Electrophysiological activity modulation by chemical stimulation in networks of cortical neurons coupled to microelectrode arrays: A biosensor for neuropharmacological applications

Microelectrode arrays (MEAs) are a valuable tool for electrophysiological measurements, with the prospect to be used also for pharmacological applications. MEAs are non-invasive and allow monitoring the electrophysiological activity of neurons over a long period.

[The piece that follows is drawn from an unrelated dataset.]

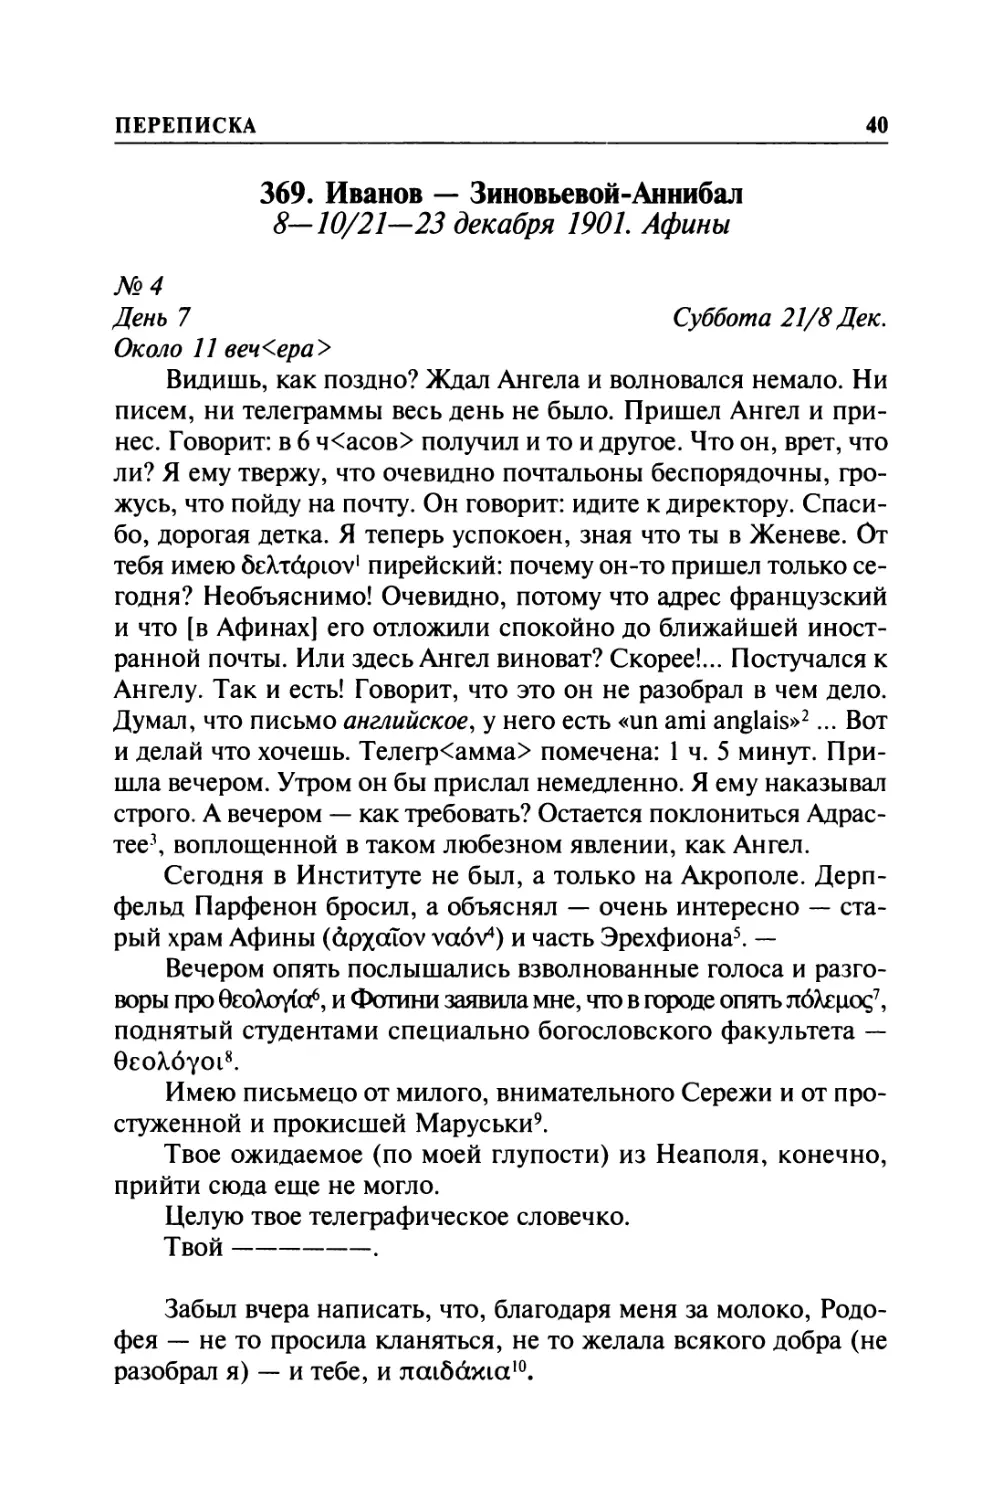 369. Иванов — Зиновьевой-Аннибал. 8—10/ 21—23 декабря 1901. Афины

In this work, we analyze the changes in activity patterns of dissociated cortical neurons from rat-embryos induced by the treatment with specific chemicals, acting as agonists and antagonists of glutamate receptors. iled analysis of drugs effects (i.e., 6-cyano-7-nitroquinoxaline-2,3-dione (CNQX); d-2-amino-5-phosphonopentanoic acid (APV); N-methyl-d-aspartate (NMDA); α-amino-3-hydroxy-5-methyl-4-isoxazole propionic acid (AMPA)) on the neuronal network electrophysiological behavior, in terms of spike and burst activity, is presented. Moreover, a novel approach related to changes in the synchronization level among neuronal units in the network under chemical stimulation, is addressed. The application of chemicals modulates the electrophysiological activity of cortical neuronal networks with respect to the spontaneous activity intrinsically shown by the cultured neurons: this allows a comparison between different experimental sessions and different experimental preparations. The proposed approach and the presented results encourage a more extensive use of in vitro cultured neurons, coupled to MEAs, as biosensing systems for neuropharmacological applications.